Especially in a novel outbreak, it is essential to know whether the epidemic has started, if we are nearing a peak, and/or if transmission has begun to decline. Rt allows policy-makers and public health decision-makers to assess the impact of interventions, because it estimates how transmission rates have changed over time, and to assess the intensity of spread, because it directly reflects growth in infections.

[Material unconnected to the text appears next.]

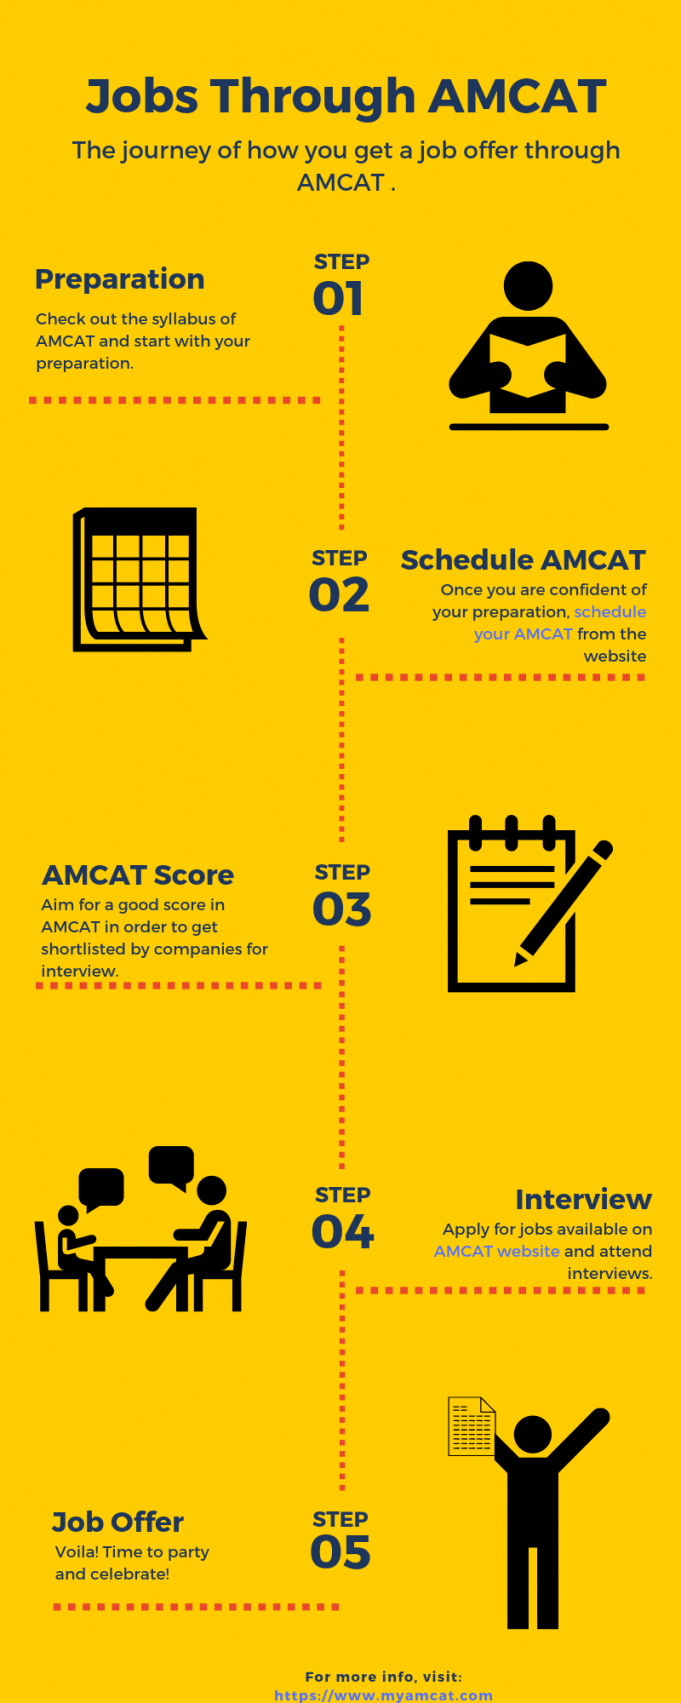 How to apply for jobs through amcat

Graph showing estimated timeseries of infections of individuals that will go on to be hospitalized, represented in the green line, surrounded by credible interval bands, with observed hospitalizations depicted in grey bars
Fig. 10: Shows estimated timeseries of infections of individuals that will go on to be hospitalized, represented in the green line, surrounded by credible interval bands, with observed hospitalizations depicted in grey bars. To estimate Rt, we use a model that adjusts for incomplete observation at the end of the time series, here recent infections have not yet been hospitalized or reported in the data, adjusts for day of week effects, and back-calculates the underlying timing of infections before estimating Rt as the ratio of new infections to infectors. At CDC we use the statistical programming language R to do this data analysis in a single Bayesian model. Graphic modified from EpiNow2 [https://zenodo.org/records/8380568].

What’s next?

We are starting with Rt estimation for respiratory viruses in collaboration with the National Center for Immunization and Respiratory Diseases, but in the long term, we plan to build a well-tested analytic infrastructure that we could use to estimate Rt for a novel pathogen in a future infectious disease epidemic. Even for something like Rt, where the quantity we're trying to estimate is conceptually relatively simple, it takes incredible care and complicated modeling tools to adjust data as they are observed and obtain accurate estimates quickly. We are also exploring new models that will allow us to combine wastewater data with other signals when we estimate Rt. It is incredibly difficult to build these kinds of analytic pipelines on the fly. Investing the time now to build good infrastructure and think through the problems we can anticipate will leave us better prepared for the next infectious disease epidemic.

Content Source:
CFA, Behind the Model
  • Day 1-7 covers the central 95% of the generation interval distribution for Omicron from Park et al., 2023; and day 1-5 covers the central 80% of the generation interval distribution. See Figure 5 for a definition of the generation interval.